[DATA BELOW]

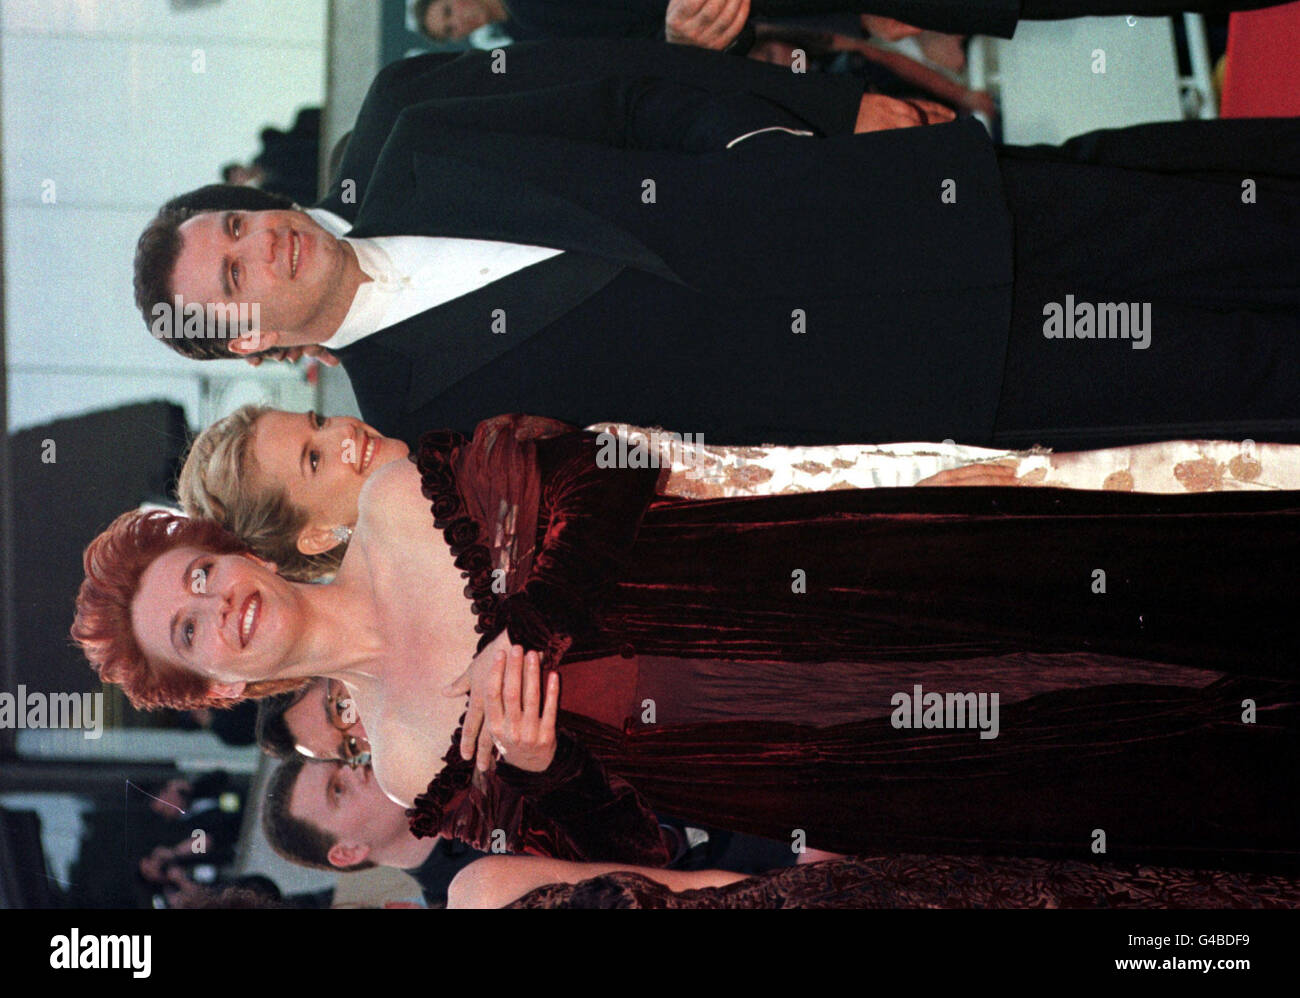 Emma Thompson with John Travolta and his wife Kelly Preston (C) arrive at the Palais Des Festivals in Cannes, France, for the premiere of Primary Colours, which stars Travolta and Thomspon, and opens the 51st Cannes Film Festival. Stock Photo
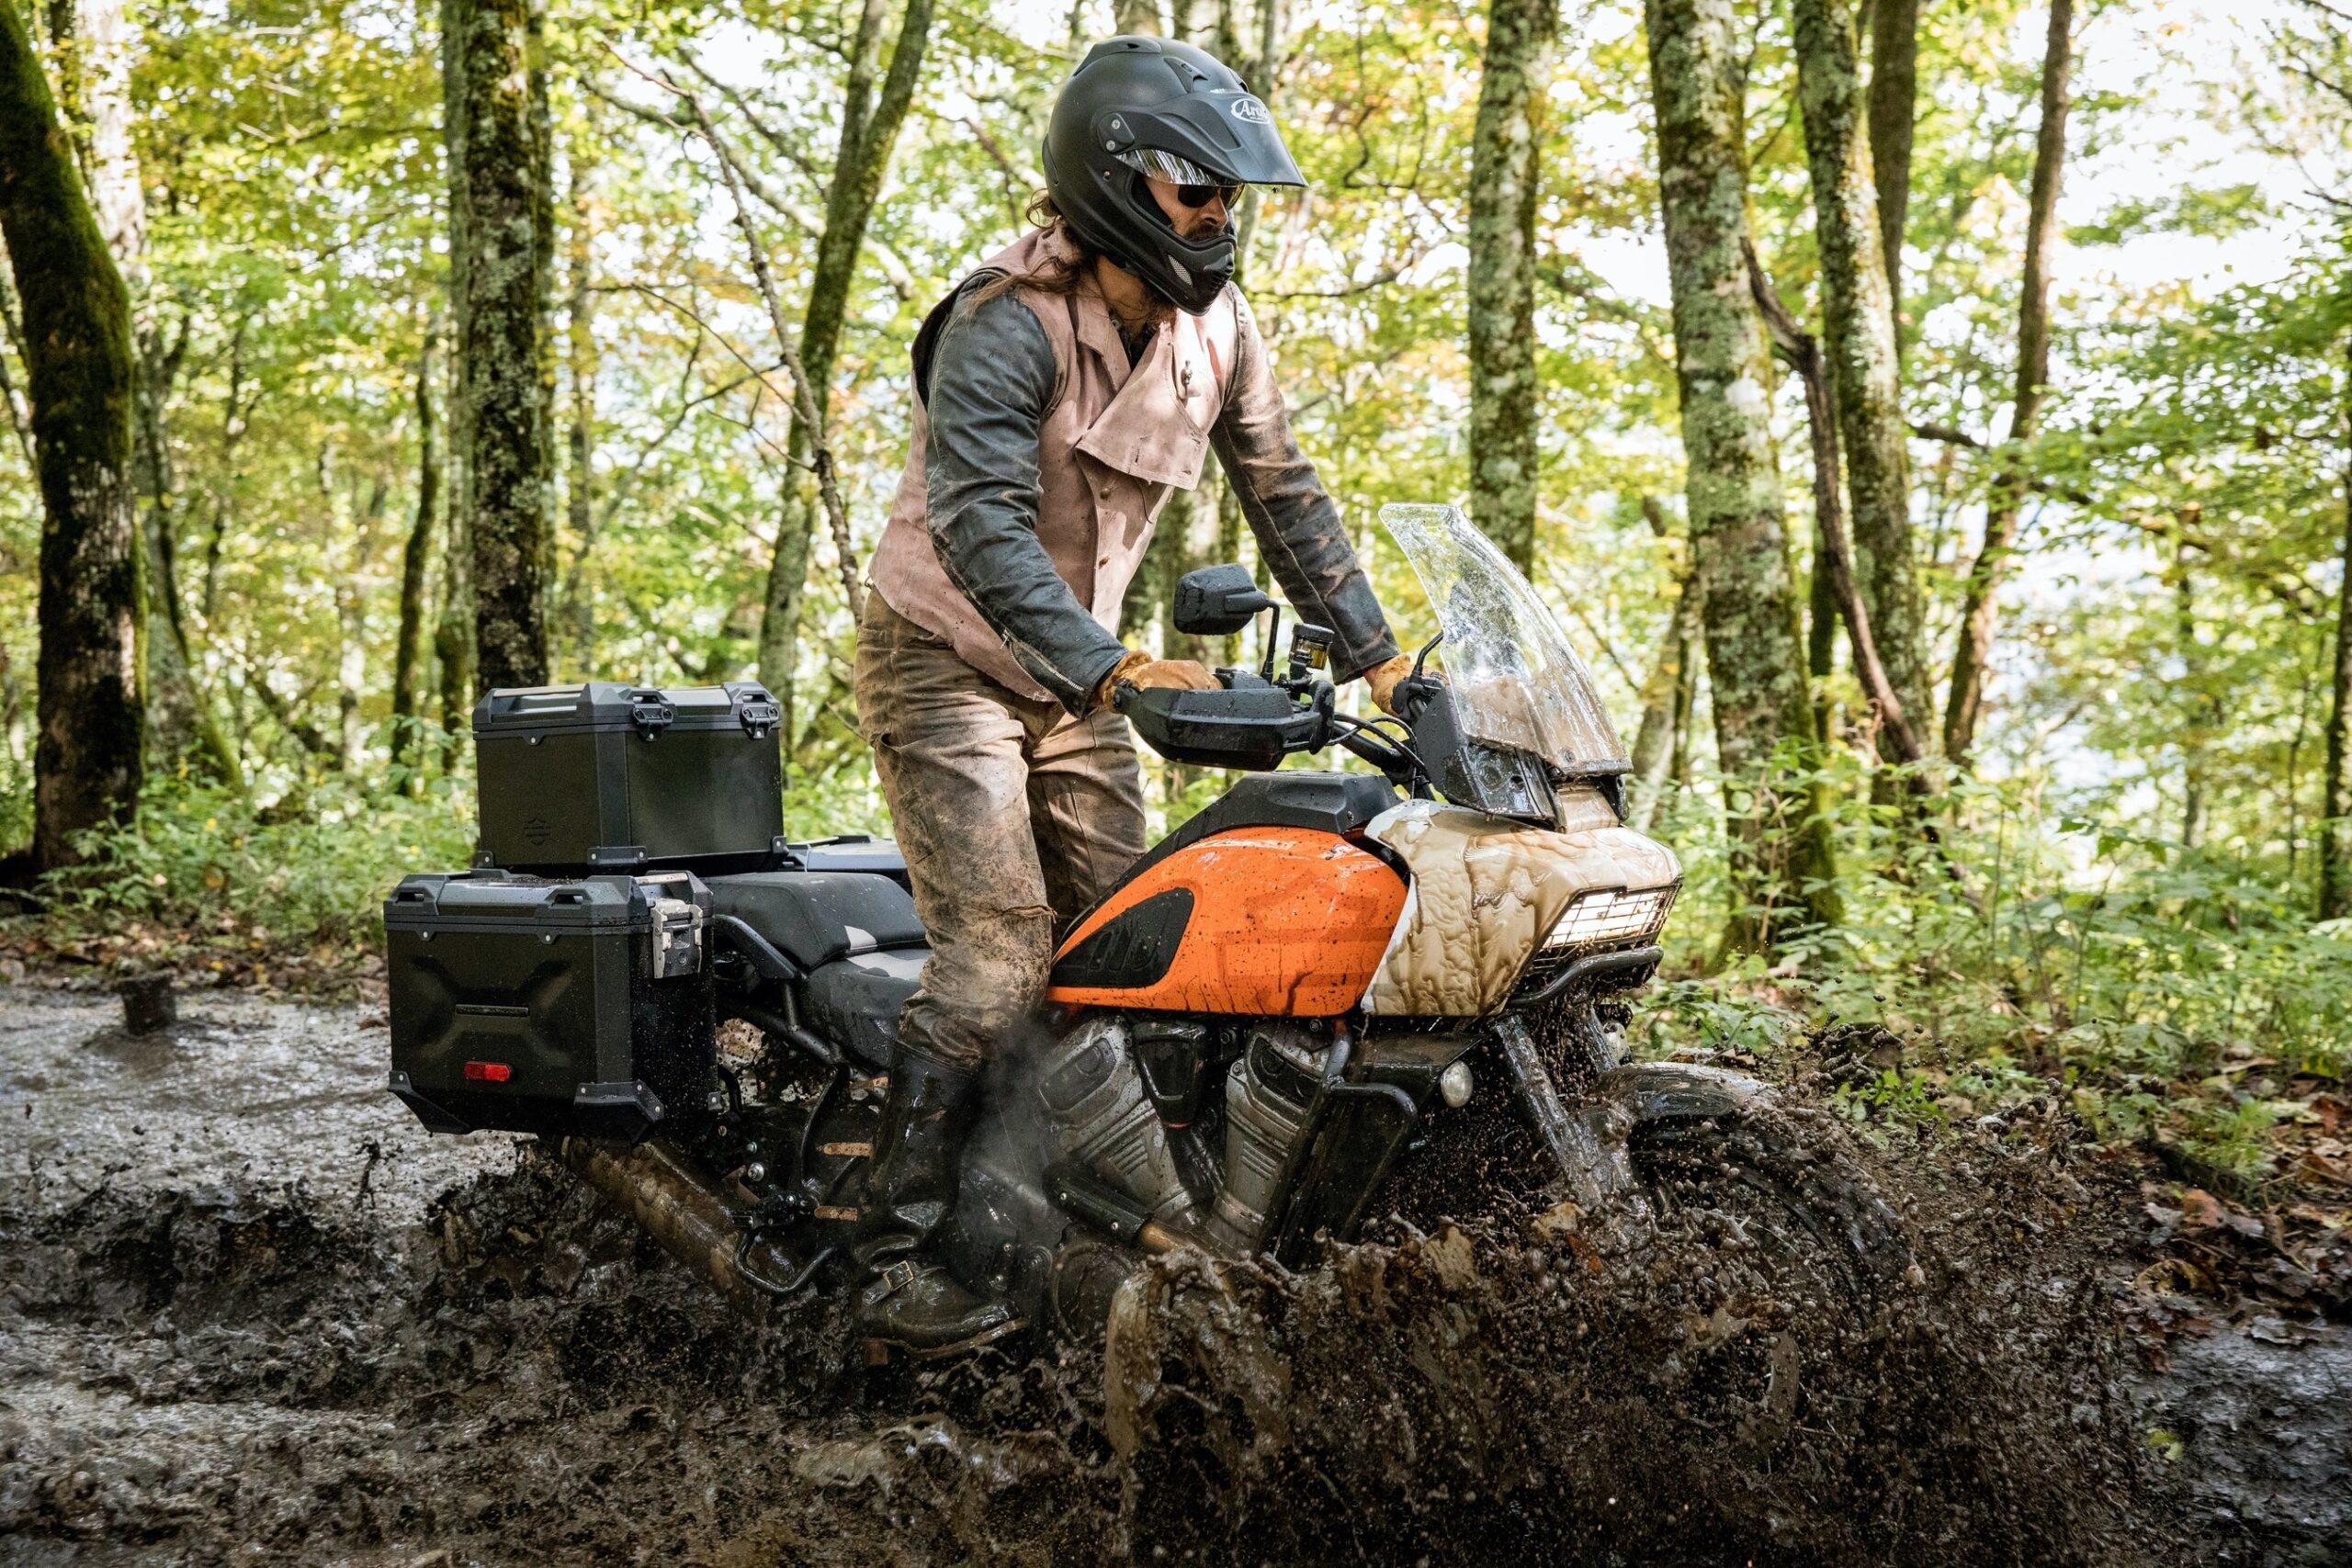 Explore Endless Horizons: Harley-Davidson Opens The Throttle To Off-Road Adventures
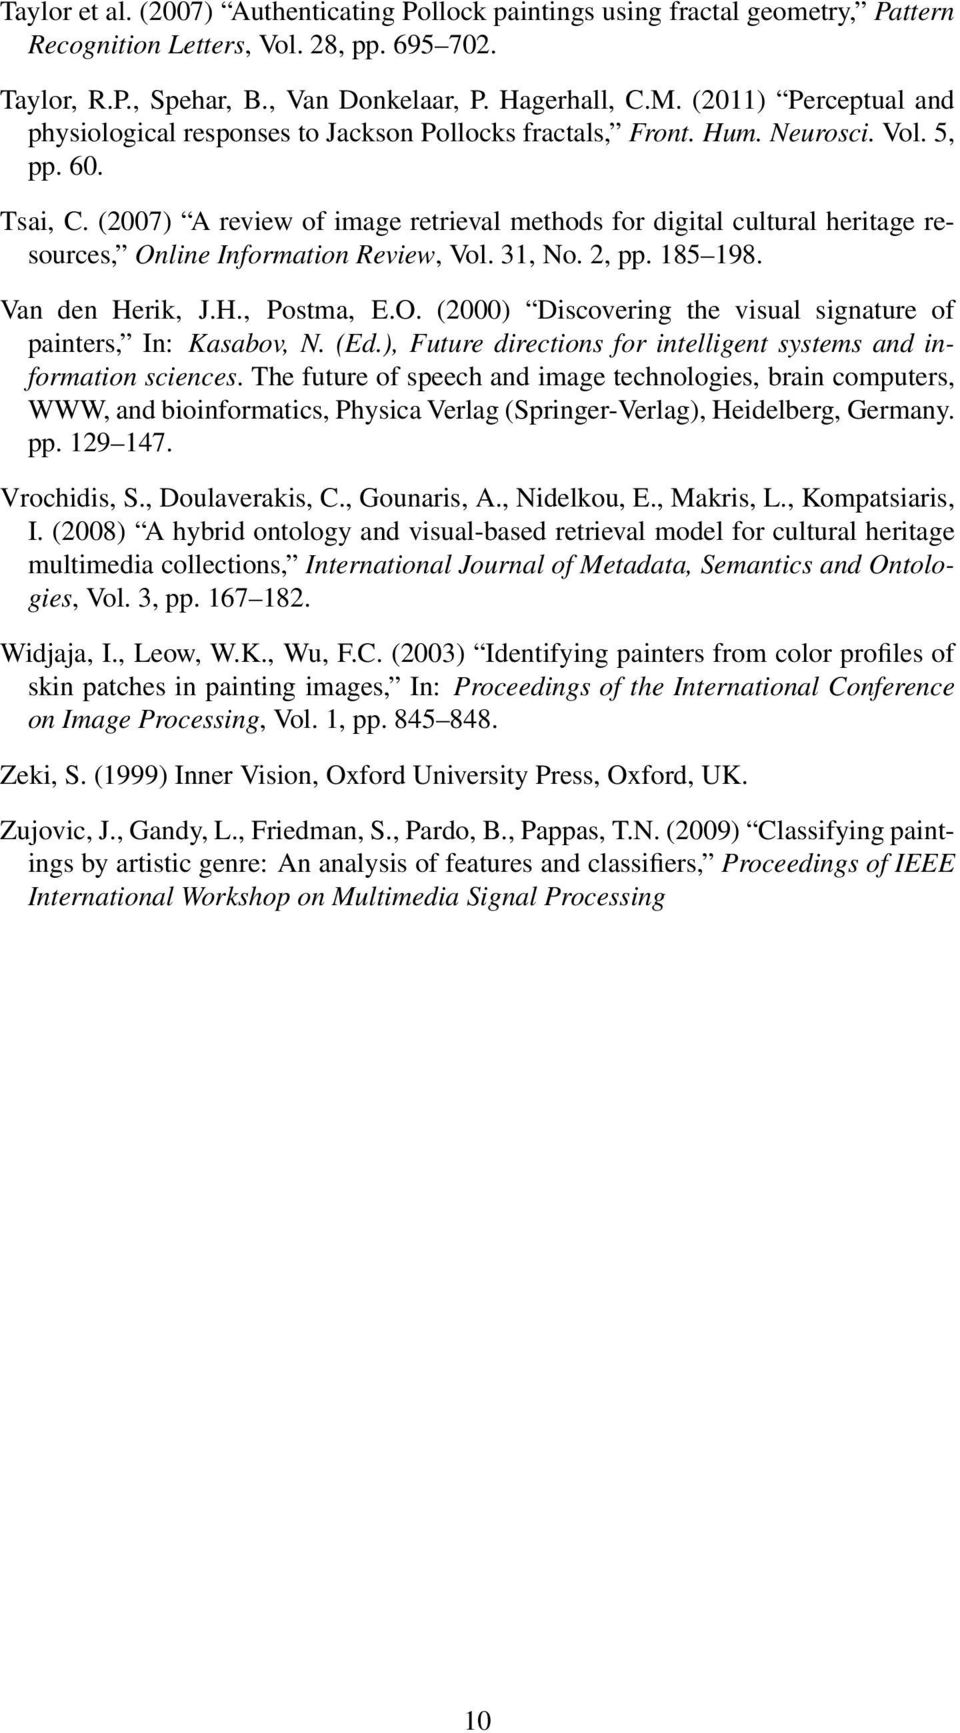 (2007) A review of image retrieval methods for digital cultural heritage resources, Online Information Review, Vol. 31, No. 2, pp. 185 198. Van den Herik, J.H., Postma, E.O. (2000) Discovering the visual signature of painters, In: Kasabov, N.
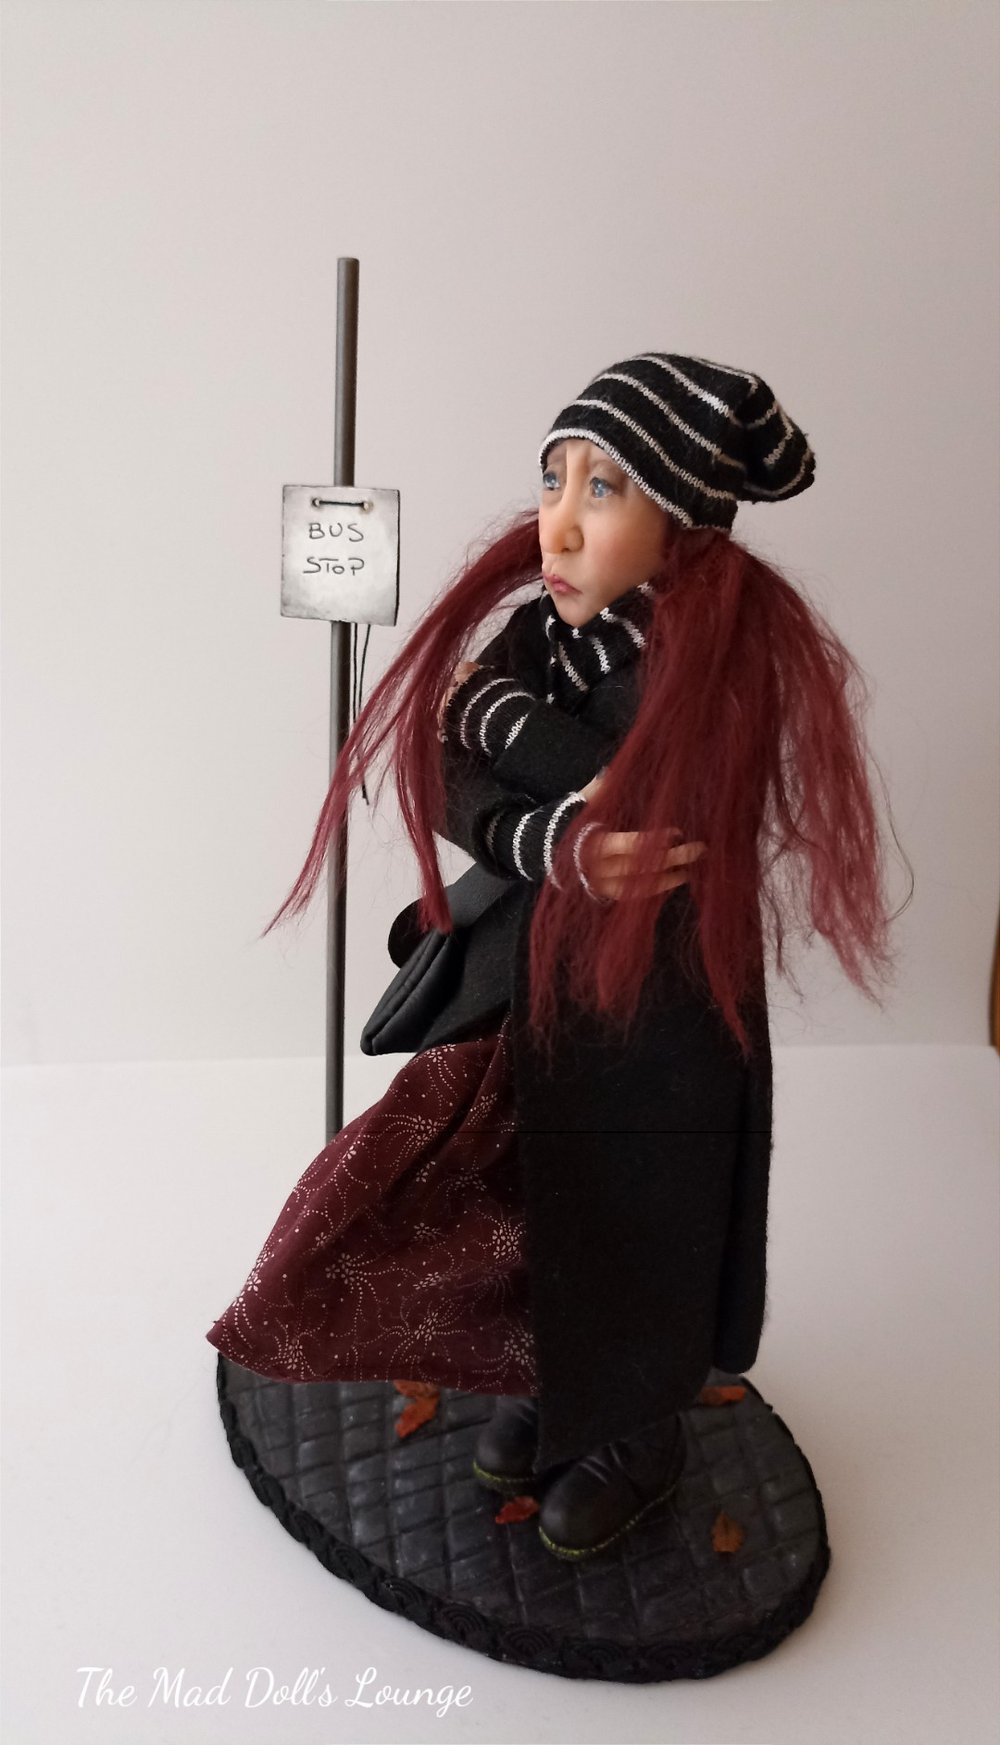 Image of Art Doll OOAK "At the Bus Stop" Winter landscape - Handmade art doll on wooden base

[/DATA BELOW]

Starting at the line that holds "(2007) A review", repeat every line through the end of the listing exactly as written, skipping any picture.

 (2007) A review of image retrieval methods for digital cultural heritage resources, Online Information Review, Vol. 31, No. 2, pp. 185 198. Van den Herik, J.H., Postma, E.O. (2000) Discovering the visual signature of painters, In: Kasabov, N.
 Image of Art Doll OOAK "At the Bus Stop" Winter landscape - Handmade art doll on wooden base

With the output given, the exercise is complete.